Contact
In Residence
Dr Catalin-Gabriel Stanescu is an Associate Professor in Private Law at the University of Southern Denmark as well as Visiting Lecturer at the University of Szeged (Hungary) and Babes Bolyai University (Romania). He was a recipient of the Marie Curie Individual Fellowship and has taught both undergraduate and postgraduate levels for over 12 years. Dr Stanescu’s research is in international business law, with a focus on digitalisation, the individual (consumer) and the law of obligations. He has published over 20 articles in peer-reviewed journals and delivered over 40 conference presentations.
Previous visiting research positions include European University Institute (2023); The Centre for Energy, Petroleum and Mineral Law and Policy (2019), Babes Bolyai University (2019), Max Planck Institute for Comparative and Private International Law (2013), Queen Mary University of London, Centre for Commercial Law Studies (2013), Institute for Advanced Legal Studies (2013).
Project
An Empirical Evaluation of Abusive Informal Debt Collection Regulation in South-East Asia and Australia: A Comparative Study.
Informal debt-collection practices (IDCPs) designate all methods employed by a creditor for debt recovery that do not involve the judiciary or other state agents (bailiffs, sheriffs, or police officers). In other words, it is a form of private enforcement. IDCPs are rampant in practice today in all legal systems, yet they are regulated only by few. This reality appears to be independent of the legal or economic development level. For instance, out of 27 EU Member States only 9 regulate, to various extents, IDCPs.
Debt-collection agencies offer a wide range of services, ranging from self-help repossession, to purchase and collection of receivables. Subjecting them to a functional legal framework, would ensure enough mechanisms and safeguards to monitor their activities. Still, unfortunately that is not always the case, which opens the path for abuse. In the light of this proposal, abusive IDCPs refers to debt collection practices infringing the consumer-debtor’s human rights to privacy, dignity, safety, and health (including mental health) as well as economic and other legal rights.

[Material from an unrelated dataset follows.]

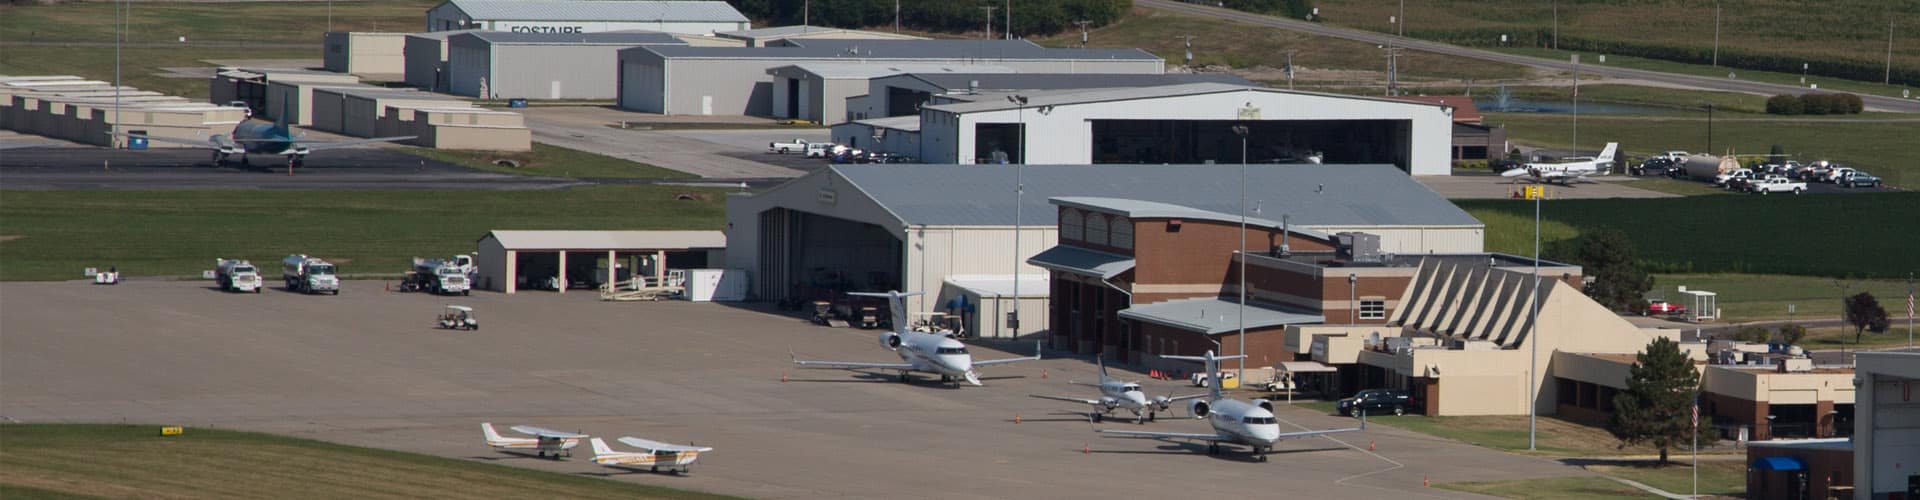 Distant view of the airport hangars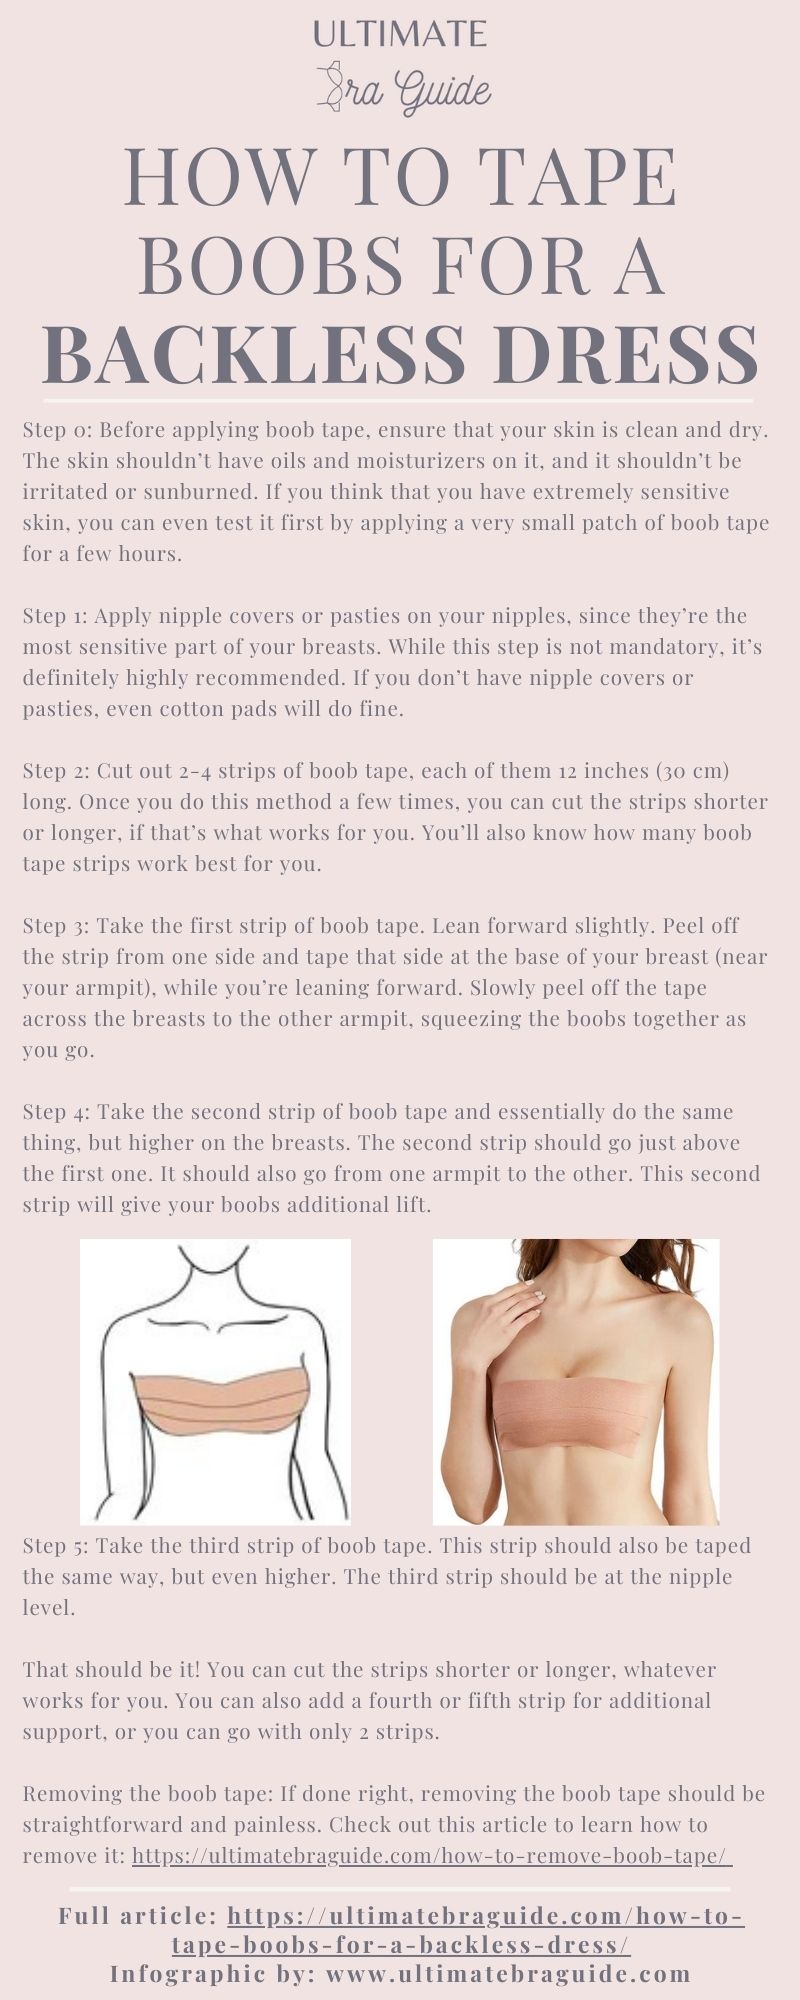 How To Tape Boobs for a Backless Dress Infographic - This shows a step by step guide to taping your breasts for a backless dress

The project aims to address a gap in legal knowledge and will contribute significantly to the foundation for appropriate policy making in the field. Through a close and fine-grained analysis, the project will:
- assess the role and appropriateness of current consumer protection legislation in tackling the issue of abusive IDCPs in South-East Asia and Australia,
- analyze sectorial national legislation of four South-Asian jurisdictions (where it exists) and Australia to identify policy aims, similarities and differences of various models concerning regulation of abusive IDCPs,
- assess the role of traditional liability remedies – civil, administrative, or criminal enforcement, level of fines and damages – in solving the issue of abusive IDCPs.
- compare findings with previous ones extracted from a pan-EU analysis to create a cross-regional picture towards a (more) global reach.